A conservation practice is any activity that improves, protects or restores a natural resource. To implement conservation practices that protect water quality:

  • Identify the source of pollution
  • Determine how pollutants reach the water
  • Select a conservation practice or a combination of practices, to cost effectively reduce the adverse impact to water quality
  • Monitor and evaluate its effectiveness in achieving the desired result
  • Make any necessary changes based on the evaluation

Horse owners should consider the following points to protect water quality:

Horse Waste Management

Clean up manure and soiled bedding on a regular bases especially during wet weather, to limit seepage of salts and nutrients into ground water or runoff of manure into water bodies. After clean up during the arid summer, use a bucket, hose, or sprinkler to water areas where horses frequently deposit manure. Watering maintains the moist environment bacteria need to decompose residual waster.
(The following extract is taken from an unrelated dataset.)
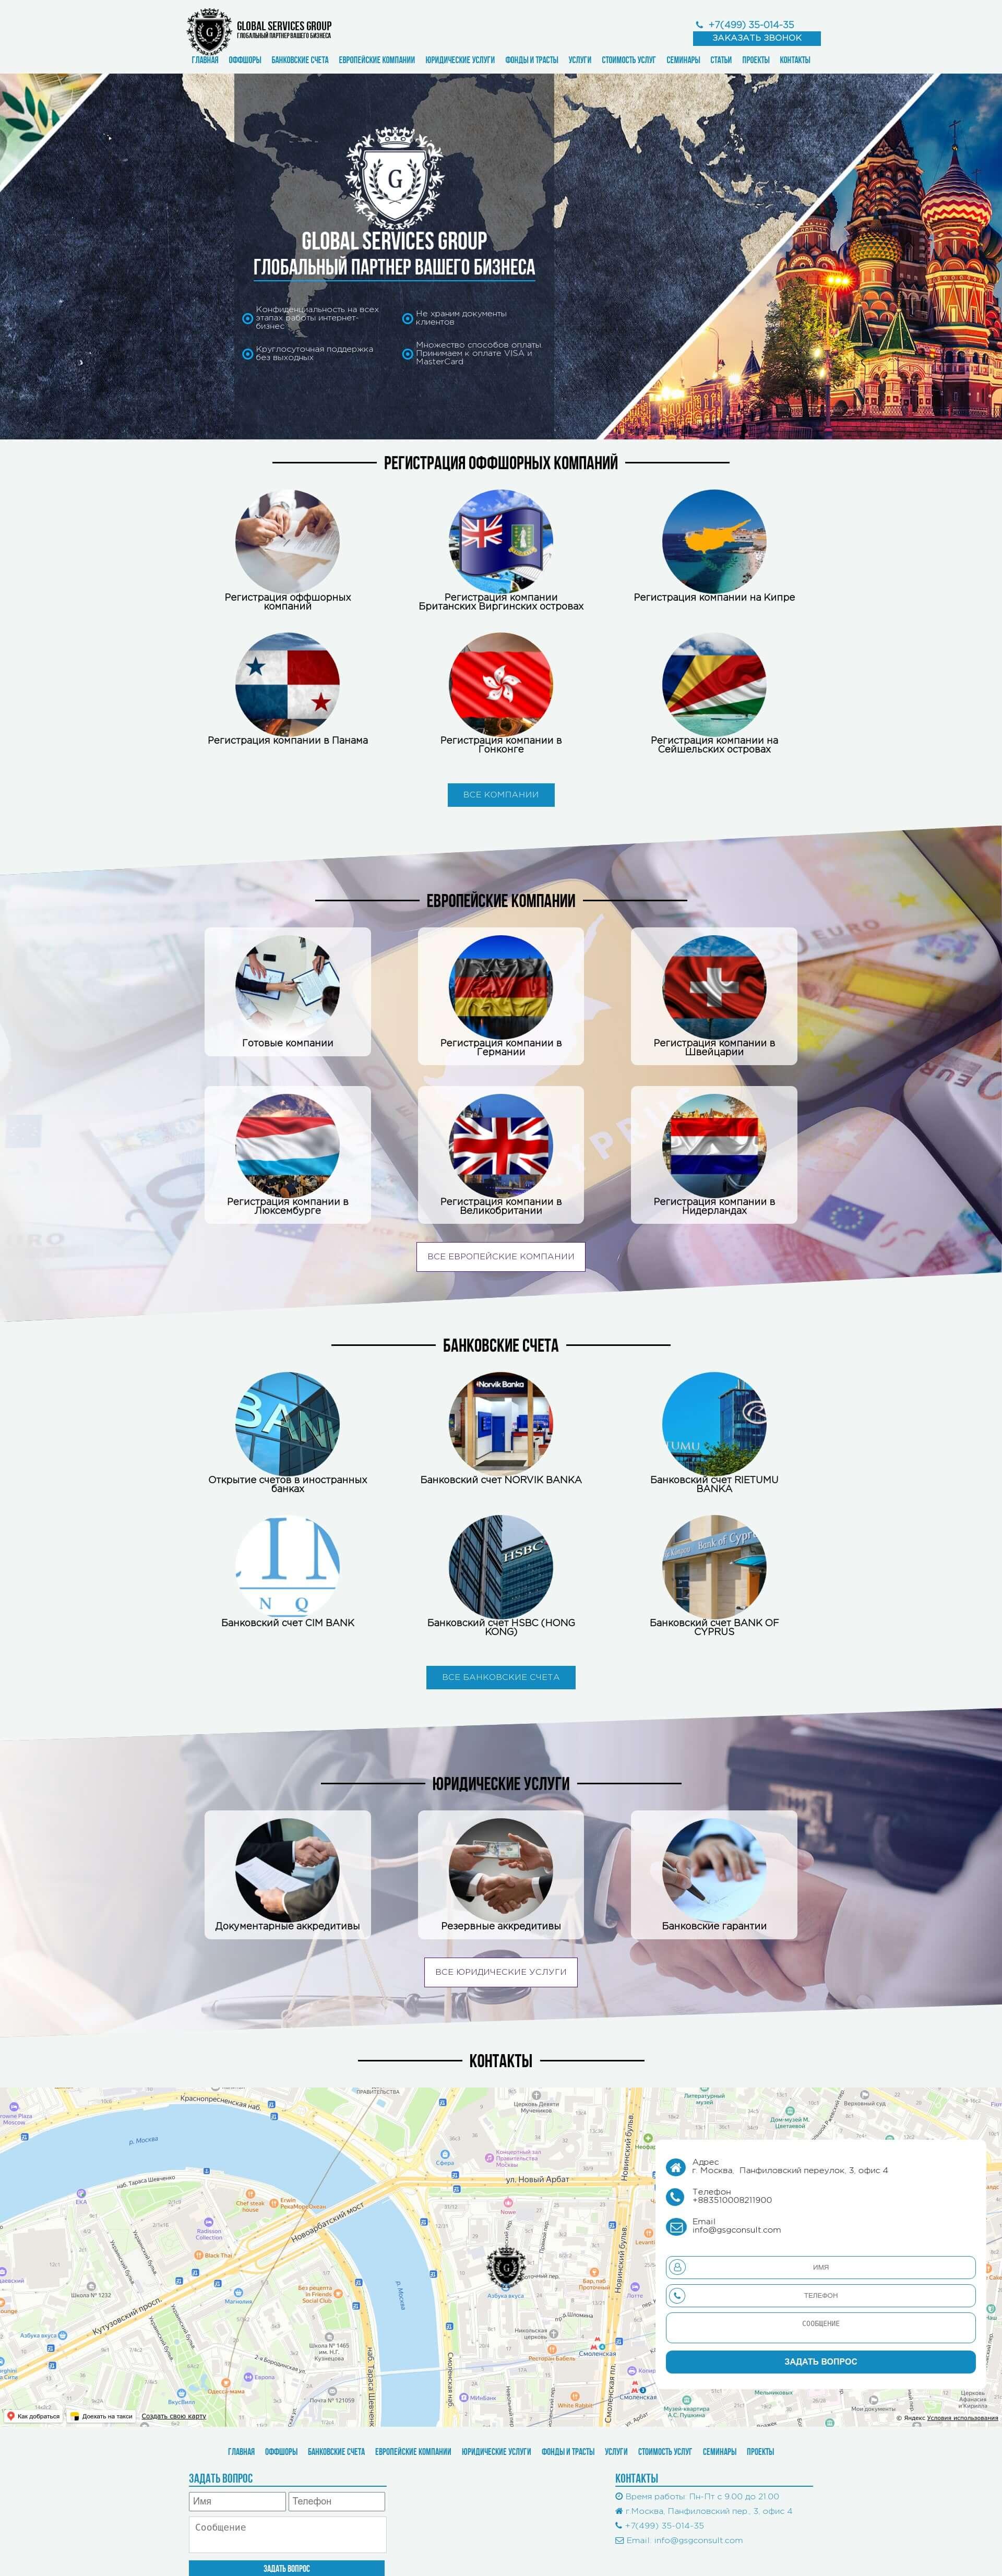 Скриншот №1 страницы сайта во весь экран. Сайт для регистрации оффшорных компаний

Store horse waste on an impervious surface (a concrete pad or plastic tarp) during rains to prevent leaching or runoff of contaminants. Locate storage areas away from waterways so that floods or runoff will not wash away waste. Do not dump horse waste on the edge or directly into stream channels.

Disposal fees are expensive. Manure composts into an excellent soil amendment. perhaps neighbors or local gardeners will want your raw material. Keep compost piles moist and well aerated to aid in conservation of urea and ammonia compounds to more useable,less toxic nitrates. Be innovative and establish a disposal solution rather than create a disposal problem.

Facility Siting

Keeping horses close to streams, in flood prone areas, or on steep hillsides increases the potential for the runoff of manure and sediment. One does not always have an ideal site, given the constraints of topography, soil, rainfall patterns or existing structures; but conscientious management can often offset site shortcomings. New facilities should be sited and designed to address water quality concerns. Work to upgrade existing facilities.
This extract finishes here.